Deixei-a de lado e me juntei às pessoas dançando. Mas que merda! Eu tinha ido ali para me esquecer dela, e eu acabava pensando cada vez naquela maldita mulher. Eu não queria amá-la, eu nunca quis me apaixonar, por que diabos Bellatrix tinha que mudar isso? Eu sempre soube que ela era problema, eu sempre soube que ela não me amava, mas continuei me afundando nela, ignorando a consciência que me dizia que aquilo não acabaria bem. Não pude evitar cair em sus encantos. Não havia muito tempo que eu diria que Bella era meu amor e eu nunca queria deixar esse amor acabar. Agora eu estava tão ferido que tudo que eu mais queria era que aquilo acabasse. Eu sabia que nunca me libertaria dela enquanto não deixasse o que eu sentia ir embora, mas quem disse que eu conseguia fazer isso? Bella não era só meu amor, ela tinha se tornado minha droga, um vício que eu estava tentando desesperadamente deixar, mas não conseguia.

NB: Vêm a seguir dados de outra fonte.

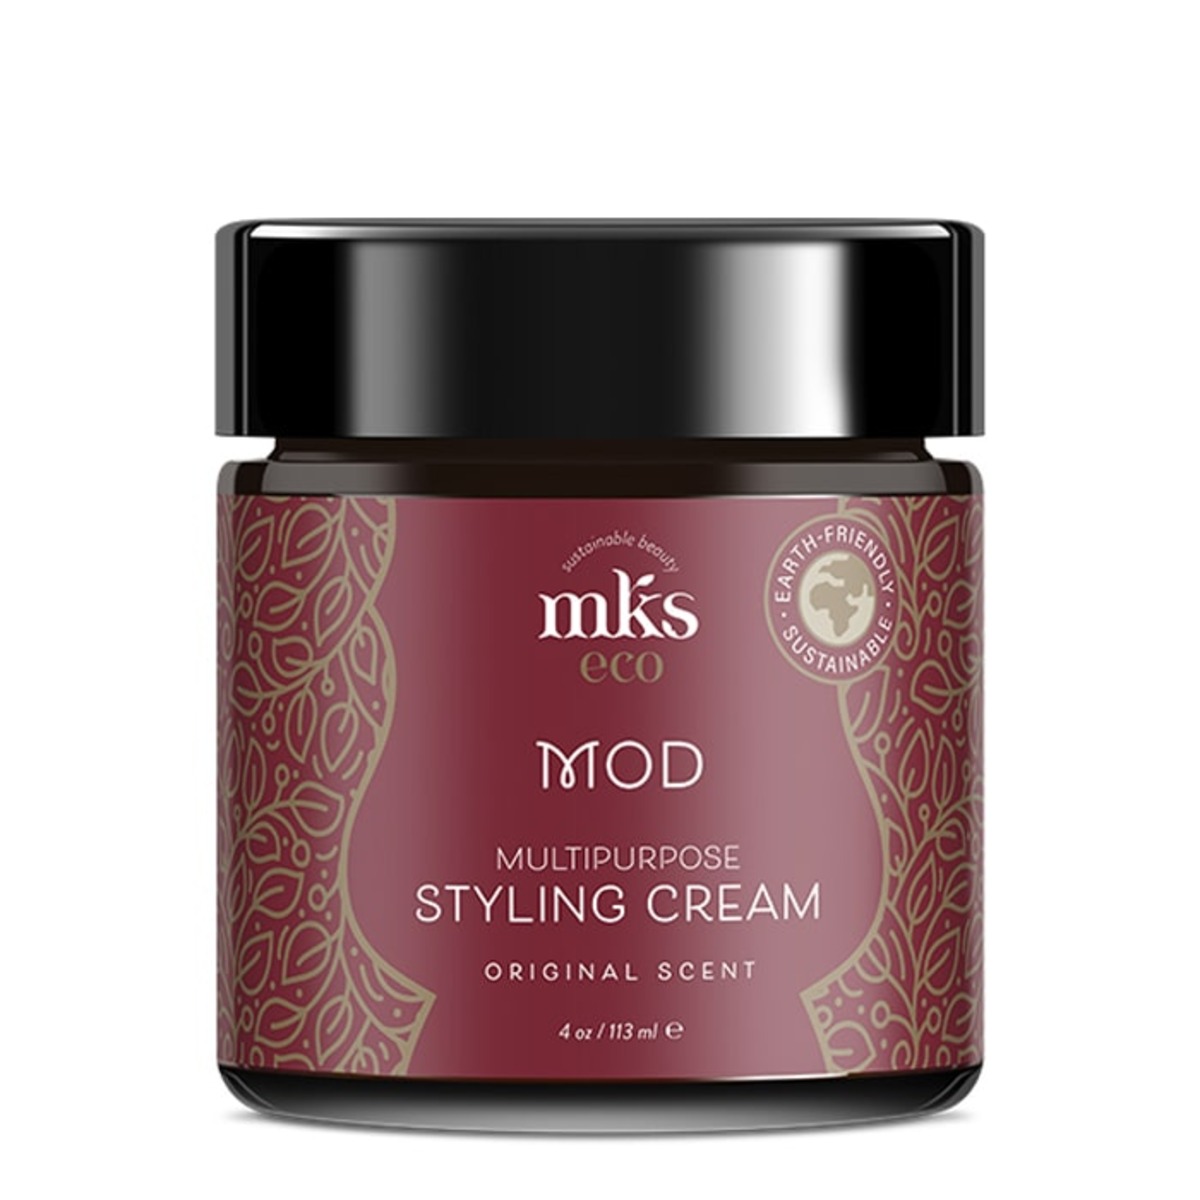 MKS Мултифункционален стилизиращ крем Eco MOD Multipurpose Styling Cream, 113 гр

Já que ela era um vício, eu tentei substituí-la por outra droga, a bebida. Dancei por um bom tempo, tendo sempre a companhia de um copo de uísque de fogo. Fui beijado e tocado em diversos lugares por todo tipo de gente, e o clima pesado e quente do clube foi tudo que ocupou minha mente inebriada por esse tempo. Tive a ilusão de tê-la esquecido, até que vi se aproximar de mim uma mulher de cabelos negros e sedosos moldados em cachos largos, pele alva e pálpebras pesadas. Meus olhos, já um pouco turvos, acompanharam cada movimento seu. Ela se parecia tanto com Bella, tanto... Eu sabia que meu objetivo ali era me libertar de Bellatrix, mas eu já estava por de mais ébrio para me lembrar disso.

Fui até ela, percebendo que era muito jovem, vinte anos no máximo, a idade que eu aparentava com a Polissuco. Mesmo embriagado, eu pude perceber que ela tinha o sangue puro, seu jeito de falar e andar indicava isso. Será que teria algum sangue de Black correndo nas veias? Eu não duvidaria, pela sua aparência. Descobri seu nome depois de alguns beijos e outras carícias. Yasmin Bruke. Com certeza tinha parentesco com os Black, mesmo que distante. O resto da noite foi um borrão, apenas alguns flashes do que aconteceu permaneceram em minha memória. A música. A fumaça da turma de adolescentes fumando folha de mandrágora. Yasmin nua gemendo sob mim.

Acordei no dia seguinte com uma Cruciatus concentrada apenas em meu crânio. Tentei abrir os olhos, mas tudo que vi foi uma janela aberta pela qual entrava a luz de mil sóis. Tampei o rosto com o travesseiro e resmunguei algum impropério, ainda incapaz de pensar racionalmente. Mesmo com as pálpebras cerradas, percebi que o ambiente ficara mais escuro, e tentei abrir os olhos novamente. As cortinas haviam sido fechadas. Pude finalmente olhar em volta, e vi que estava em um quarto pequeno, infinitamente menor que meu quarto na Mansão Lestrange. Onde diabos eu estava? Com as pesadas cortinas fechadas, o lugar era escuro e não tinha a aparência de ser visitado diariamente por elfos domésticos.

- Que lugar é esse? - murmurei, ainda meio sonolento.

- É um dos quartos para alugar do andar de cima do Barrete Vermelho, é claro.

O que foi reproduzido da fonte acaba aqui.